COLLECTED DATA →
○ ○ ○ ○

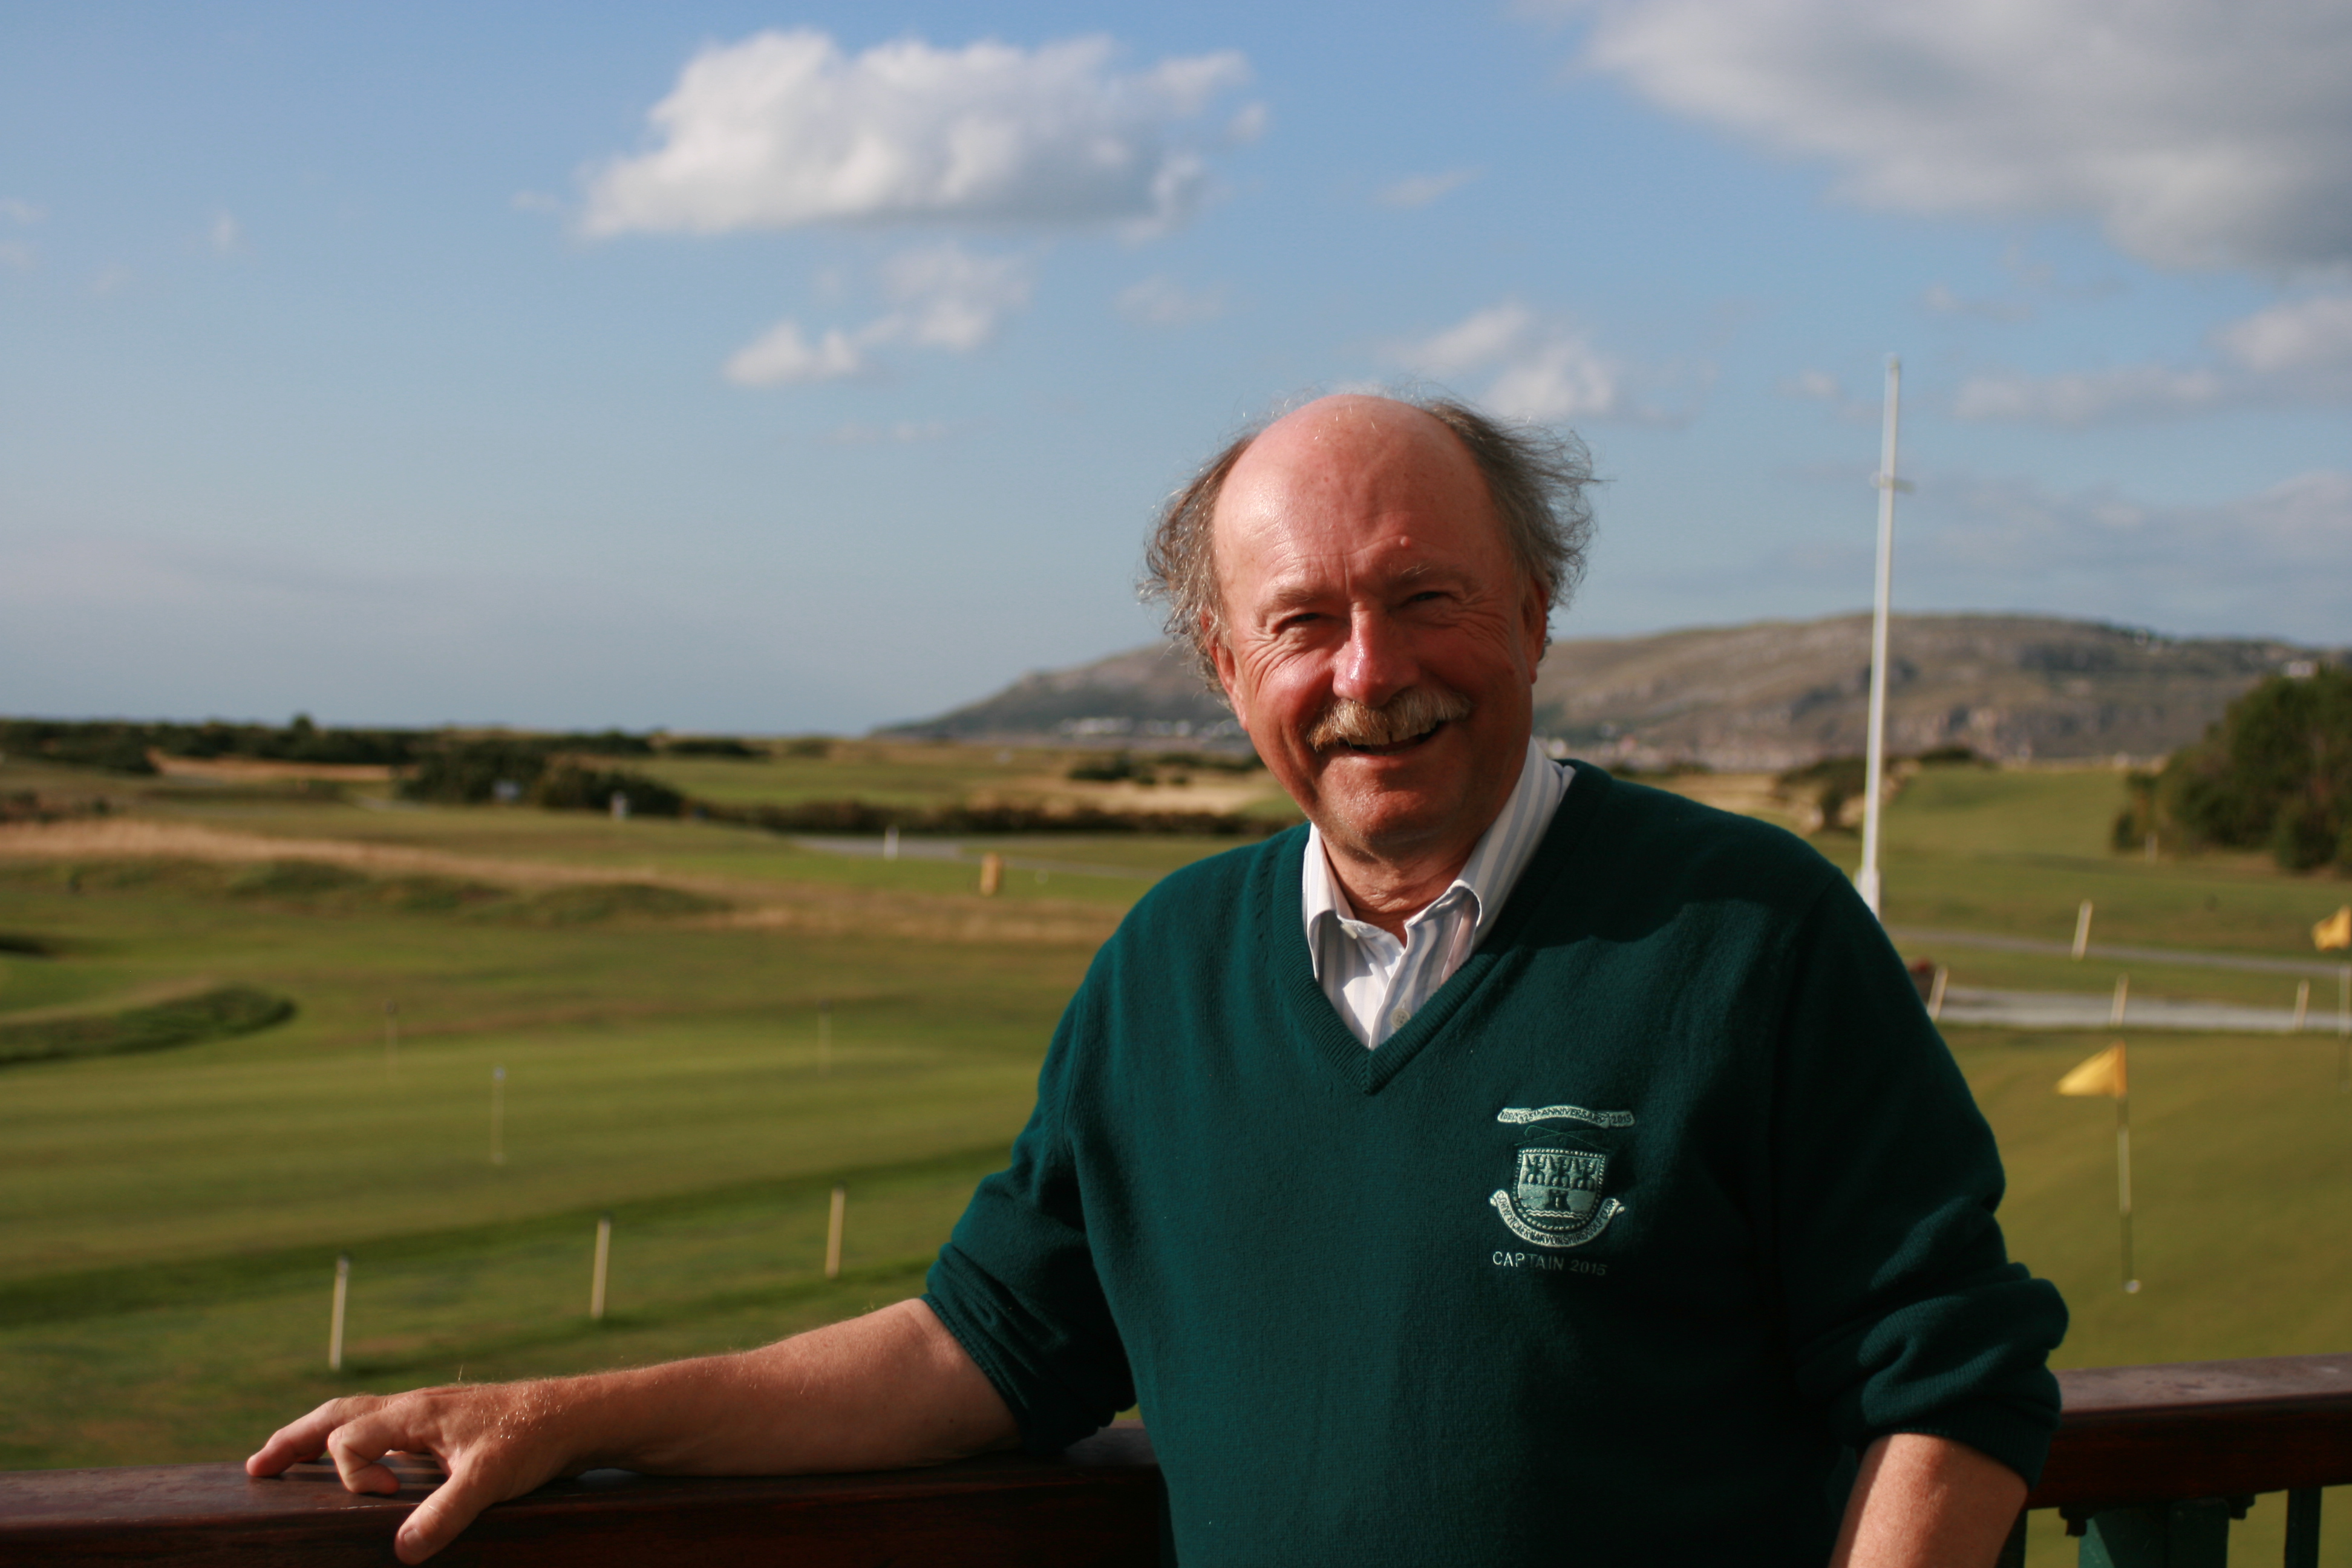 Wales, day two: Conwy Golf Club, honoring the past, hopeful for the future in North Wales
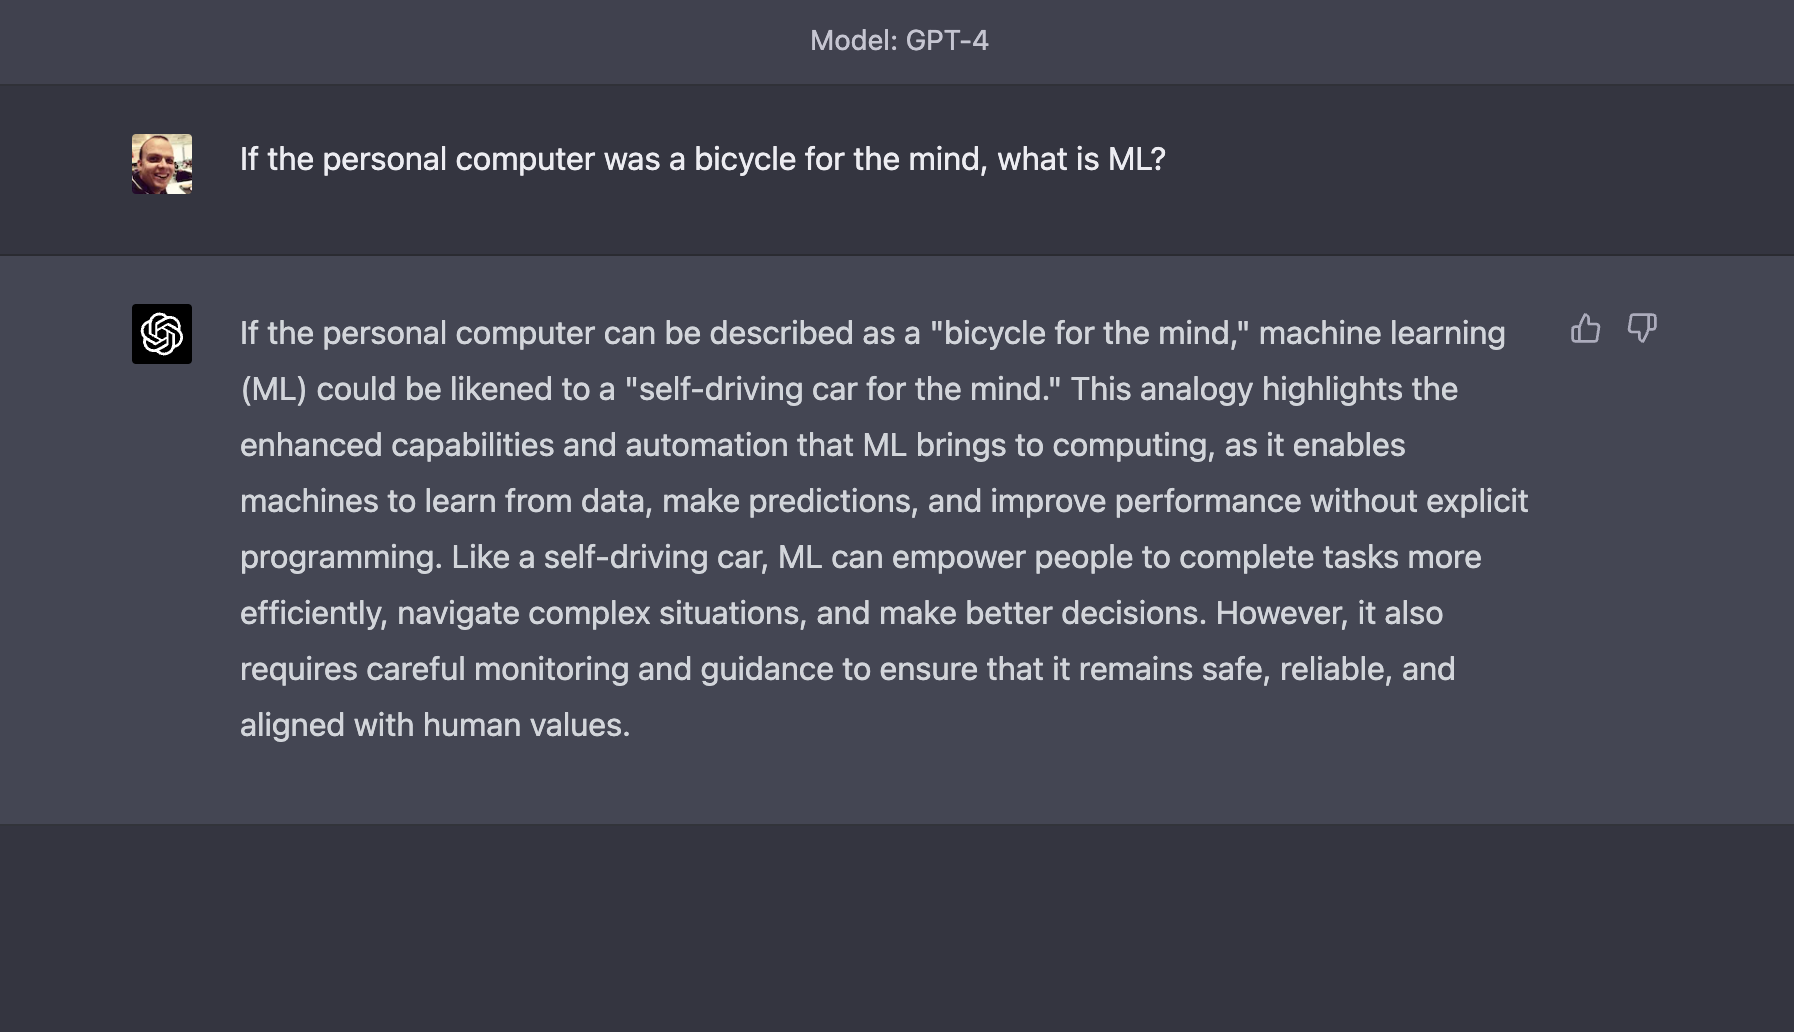 A description of what Chat GPT thinks ML is if a computer is a bicycle for the mind. A self-driving car.
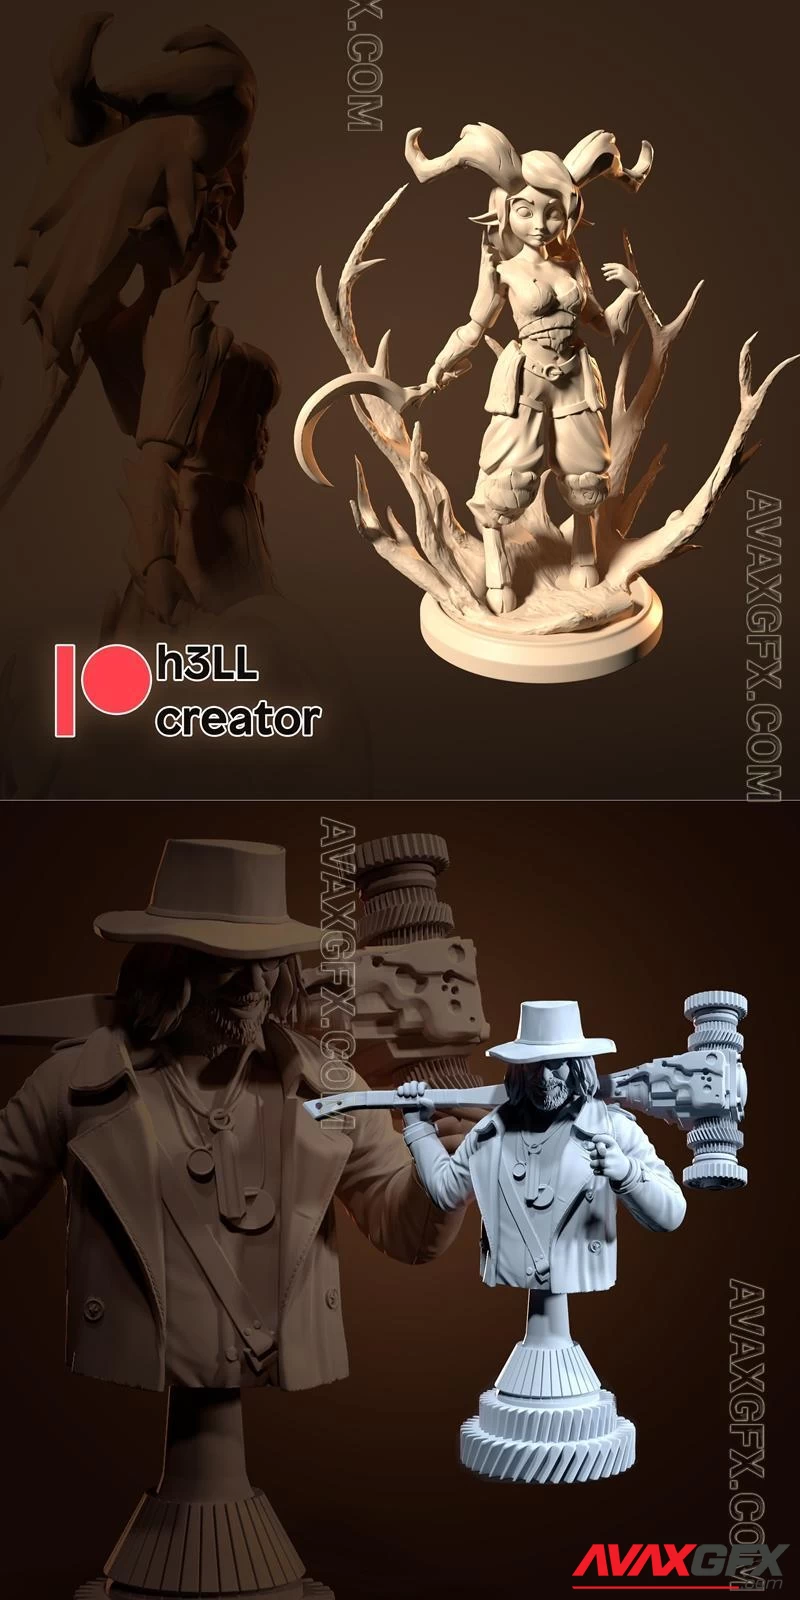 h3LL creator - Satyr with sickle and Heisenberg Bust - STL 3D Model

○ ○ ○ ○

YOUR ASSIGNMENT → The result should be a verbatim copy of the data, free of pictures.

RESPONSE TO THIS TASK →
 Wales, day two: Conwy Golf Club, honoring the past, hopeful for the future in North Wales
 A description of what Chat GPT thinks ML is if a computer is a bicycle for the mind. A self-driving car.
 h3LL creator - Satyr with sickle and Heisenberg Bust - STL 3D Model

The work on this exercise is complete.